# Hi (1 Viewer)



## Non Serviam (May 11, 2013)

I'm Non Serviam.  I've been here before; some of you know me.

I think it's about time I came back.


----------



## PiP (May 11, 2013)

Hi Non Serviam, 

Welcome back  

PiP


----------



## Ariel (May 11, 2013)

Welcome to the forums.


----------



## Trilby (May 12, 2013)

Welcome back!


----------



## Sam (May 12, 2013)

Welcome back, NS.


----------



## Non Serviam (May 12, 2013)

Golly, Sam, 6114 posts?

You were so... so new...


----------



## Sam (May 12, 2013)

Time stands still for no man.  

Good to see you back. What you have been up to?


----------



## Gumby (May 12, 2013)

Hey there! Welcome back.  I remember you, though we didn't know each other. Glad you found your way back to us.


----------



## Non Serviam (May 12, 2013)

Sam said:


> Time stands still for no man.
> 
> Good to see you back. What you have been up to?



I actually came back to look for some of my old writings, but I think they've been archived; a lot of what I posted over the years has disappeared.  Then I saw that Baron was no longer in charge, and here I am again.


----------



## JosephB (May 12, 2013)

Hey, Non. A couple of years ago, all the old stuff was purged altogether -- so there's no archive. And you'll also notice there's no debate section -- so we won't be doing much arguing. Otherwise, I'll see you around.


----------



## Non Serviam (May 12, 2013)

Oh.  I wondered why my post count had shrunk so much.  Well, that's cool, then: I'll repost one or two of the things I've written that sucked slightly less.


----------



## JosephB (May 12, 2013)

Sucks less is fine. I'll be on the lookout.


----------



## Kevin (May 12, 2013)

Jb- I read your post as '_a couple of years ago they purged all the old staff...' 
_Hi, Non Serviam. Okay...


----------



## Non Serviam (May 12, 2013)

Kevin said:


> Jb- I read your post as '_a couple of years ago they purged all the old staff...' _



Well, I think we purged ourselves.  Olly Buckle was a staff member back then, and I think Tiamat was too; everyone else quit when Yusuf sold the site.


----------



## Sam (May 12, 2013)

Ah, nostalgia. 

The site was pruned a few years back, yes, and many posts were deleted during that time. Olly and Tiamat are still on staff now. Foxee was too, up until a few months back. The Debate forum was discontinued after some debate, ironically.


----------



## JosephB (May 12, 2013)

Non Serviam said:


> Well, I think we purged ourselves.  Olly Buckle was a staff member back then, and I think Tiamat was too; everyone else quit when Yusuf sold the site.

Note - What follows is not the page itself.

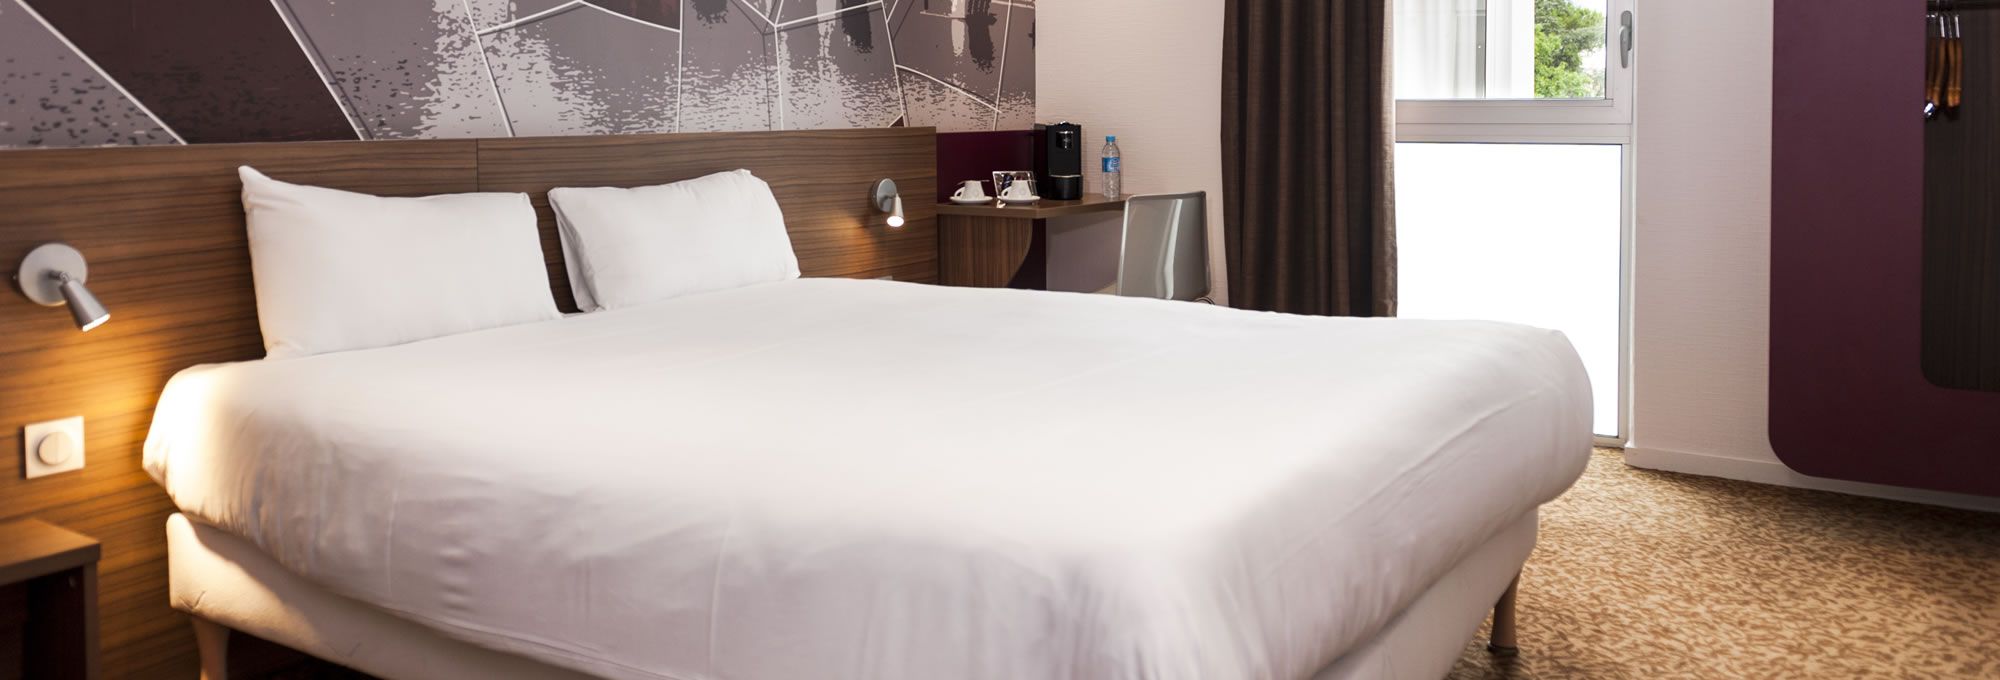 Découvrez nos chambres tout confort au Brit Hotel Toulouse Colomiers !

I didn't quit right away -- I stayed on for a while to get the lay of the land. Didn't really mesh with the management, but it was no big deal -- at the time I was just starting a new job and didn't feel I could devote the time. Plus, you can't be at all rude when you're on staff -- and there's no fun in that.


----------



## Non Serviam (May 12, 2013)

Say, does that mean I can be rude to you now that we're both not staff?


----------



## JosephB (May 12, 2013)

I certainly don't care. But some other folks might have something to say about it.


----------



## Kevin (May 12, 2013)

Non Serviam said:


> Well, I think we purged ourselves.  Olly Buckle was a staff member back then, and I think Tiamat was too; everyone else quit when Yusuf sold the site.


 'Yusuf'? Now that's a name I've never heard before. Was that before or during the 'dark ages'? It's all rather cloudy. I've heard that the place had become overrun with internet barbarians, foul-mouthed ruffians running amoke insulting and casting dispersions willy-nilly at both gentleperson and thug alike. Then, at some point, King Arthur and his merry band of nobles arrived, smiting with yardsticks the virtual palms of barbarians and peasants, left and right, whipping things back into shape, ship shape as it were. We're all quite disciplined now...except for the occasional slip up.


----------



## Non Serviam (May 12, 2013)

JosephB said:


> I certainly don't care. But some other folks might have something to say about it.



You smell of ostriches and your parents were brothers.


----------



## JosephB (May 12, 2013)

Yes, but I think that's been covered previously.


----------



## stevetaylor67 (May 13, 2013)

Hi there NS. I have also just returned after a bit of an absence and was welcomed back with open arms. Feel free to join in with a group hug!


----------